Another option is using an agent specifically for this purpose. StatsD and its variants have emerged as a common solution. There are statsd client libraries in almost every language, and use of UDP protocol means no impact on the application performance. Appfirst and Datadog agents include embedded statsd daemons, enabling them to receive metrics from applications.

Agents running in application servers

Today most web applications use application servers as part of the solution. One highly successful approach to gather application performance metrics with little effort has been running an agent on the application server to monitor all application activity. Since most application traffic flows through the application servers, peeking into the application server activity can provide powerful insights into the application performance and help identifying problems. Shortcoming of this approach is that it does require deployment of an agent on the application server. The agent also introduces some performance overhead that varies depending on the application agent.

CA APM (Wily) has been the pioneer of this approach and still widely used in large enterprises. Stackify's powerful tools let developers, DevOps, and teams build and monitor applications better by combining monitoring, errors, logs, and metrics. New Relic provides this technology as a SaaS solution, making it available to the masses. For example, one can install New Relic java agent, restart the application server, and observe the performance of applications running on that application server, as well as their interactions with back end services, databases etc. within minutes. This technology can help with not only identifying operational issues, but also problems in the code, slow SQL statements, etc. AFAIK, there are no viable open source projects providing these capabilities.

Network based tools

A rather different approach is determining application performance by analyzing the network traffic. These network appliances typically mirror a port on the switches that servers are connected to (as well as some other techniques). They can analyze the traffic to figure out the performance of real user transactions as well as transactions between application components and back end services.

Fundamental appeal of this approach is that it can be deployed without any changes to the application on the server or the client side (no agents, code changes, etc.), though in practice some changes to the configuration or application code ( to be able to stitch transactions spanning multiple servers, etc.) seems to improve the quality of the analysis.

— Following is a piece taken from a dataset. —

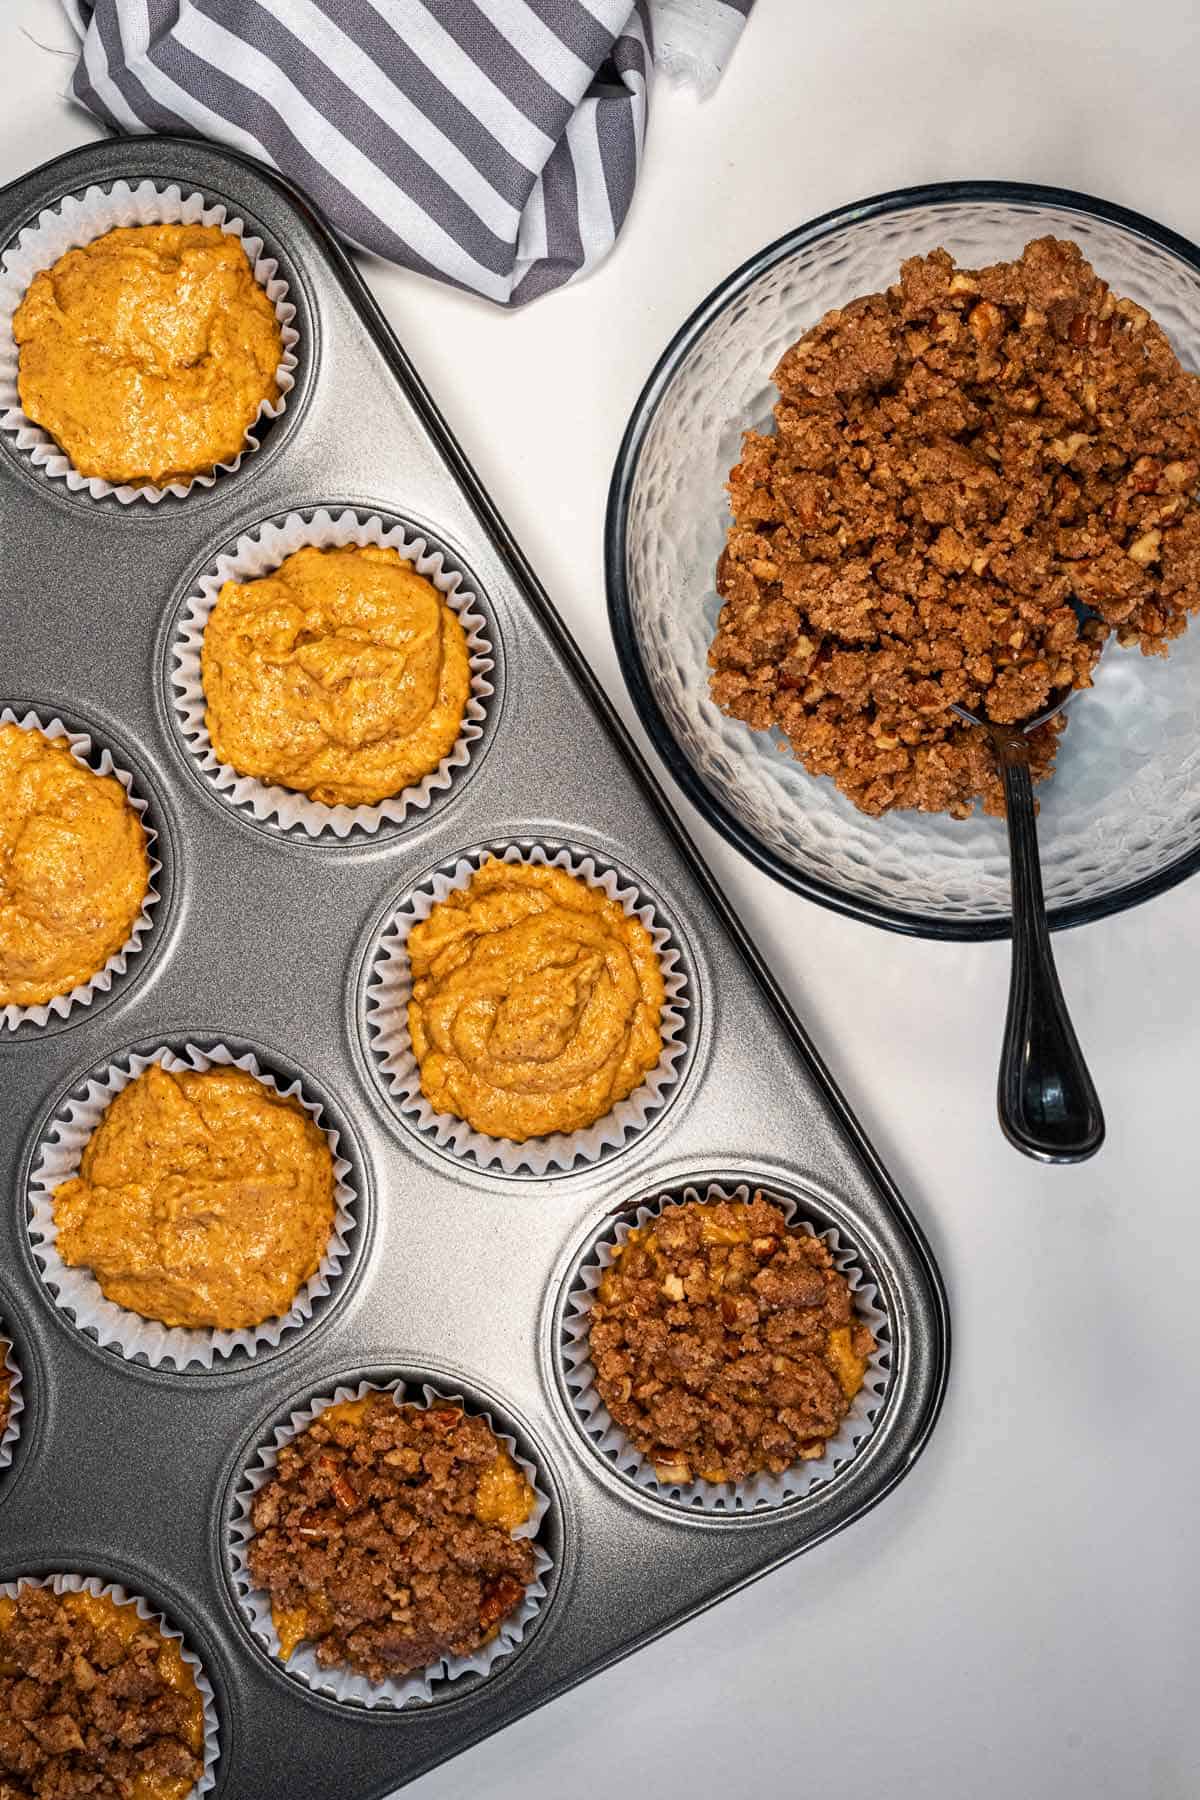 Unbaked Vegan Pumpkin Muffins in the tin ready to be topped with the bowl of crumble topping on the side.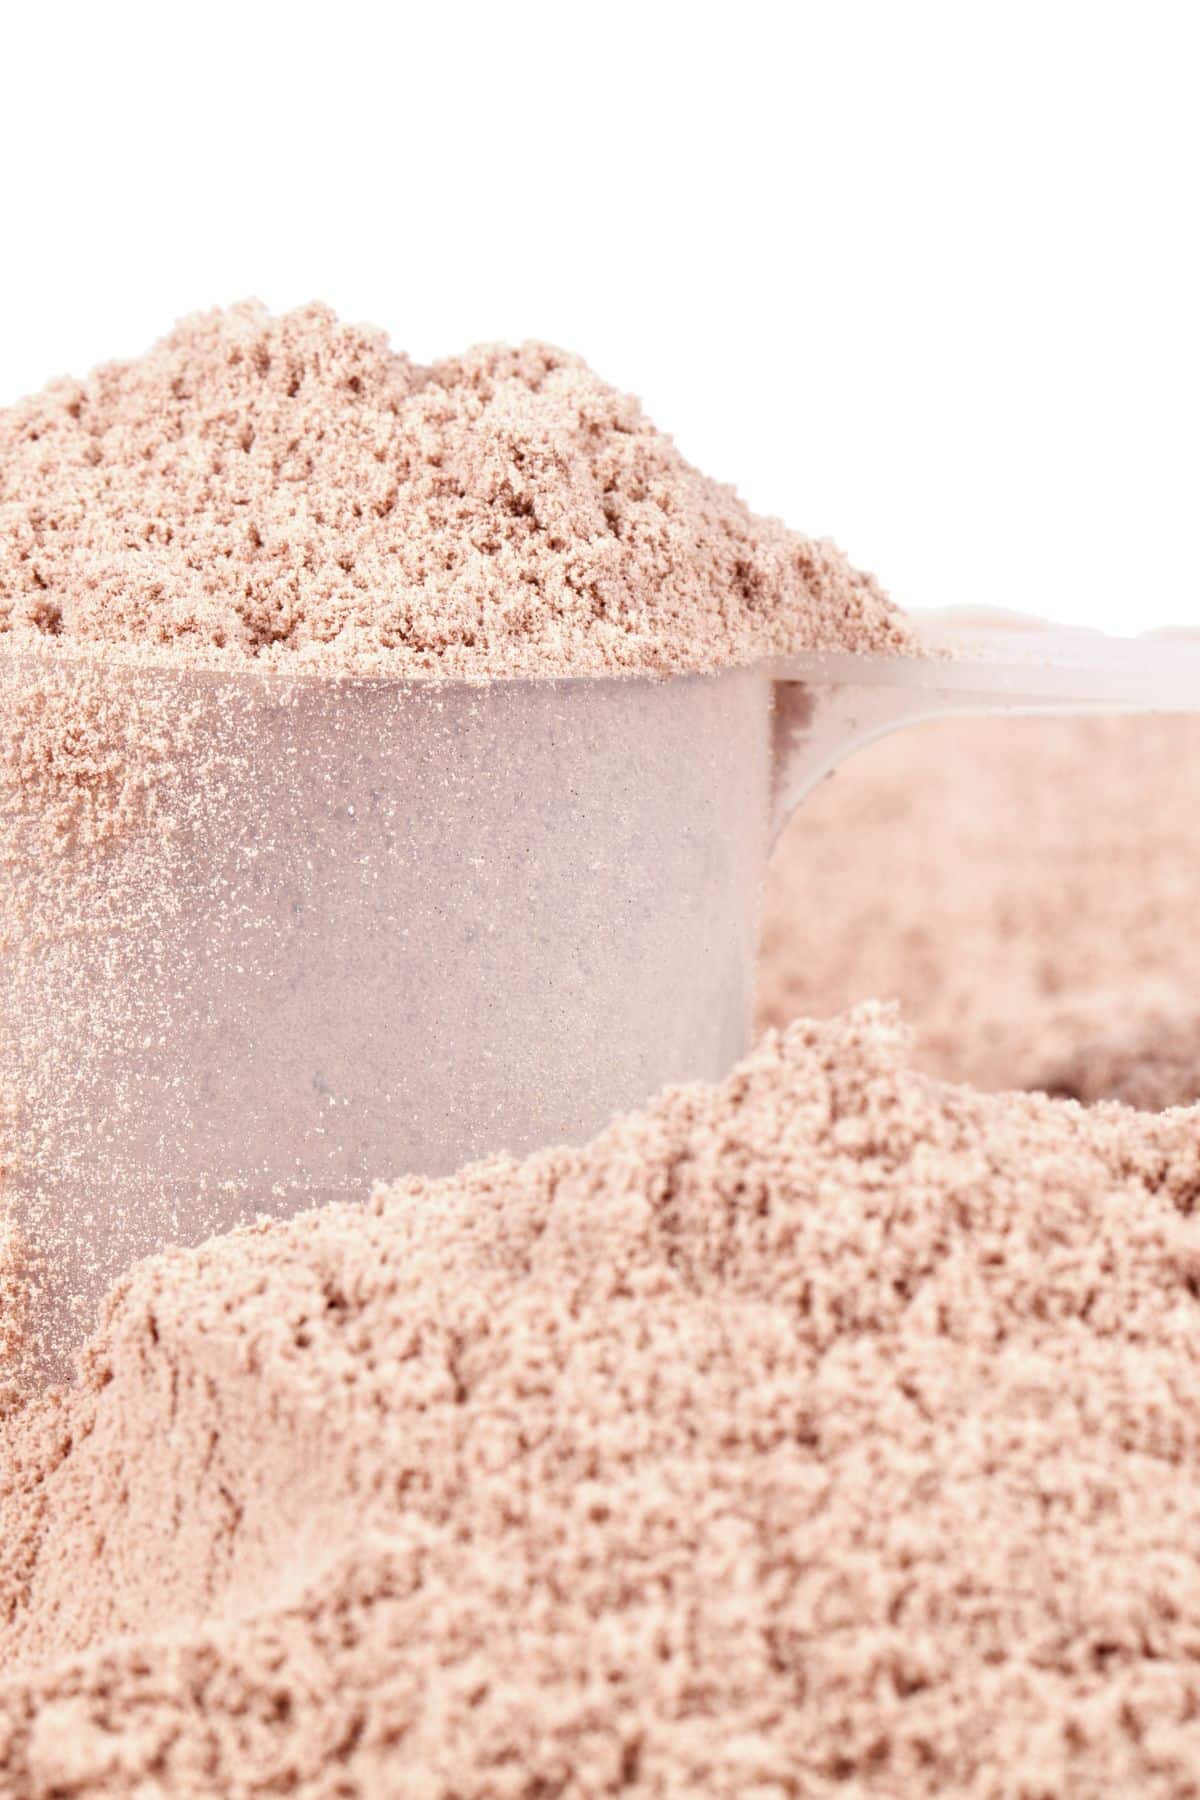 a scoop of whey protein isolate sitting on a mound of whey protein isolate.

Another advantage is that, using this approach does not introduce any performance overhead as they passively process mirrored traffic. Weakness of this approach solution is that it requires a hardware device to be deployed on the network which may not always be feasible. Another problem is in virtual environments, the traffic between VMs may not go through physical switches at all if the VMs are running on the same host. In this case, the suggested solution seems to be deploying a VM on each of the physical hosts to network traffic on that host somewhat departing from its easy deployment and no overhead promise. ExtraHop provides a product that uses this approach.

Configuration management

A configuration management system is needed to deploy software, and make/track configuration changes, etc. in an automated, repeatable, testable manner. Having shell access to production servers and installing applications manually is a high risk endeavor. It is easy to introduce errors that can cause outages, and errors introduced are typically very hard to find afterwards. It is also considered a security risk, hence may not acceptable in risk averse organizations. Although it is possible to automate the process using scripts and ssh into the servers, more common approach is to have an agent running on the server.

Puppet and Chef are the most popular open source configuration management tools with large communities. Chef is also available as a hosted service. Glu and Ansible are some of the less well known alternatives with smaller communities (also open source). There are also tools more focused on application deployment like Capistrano.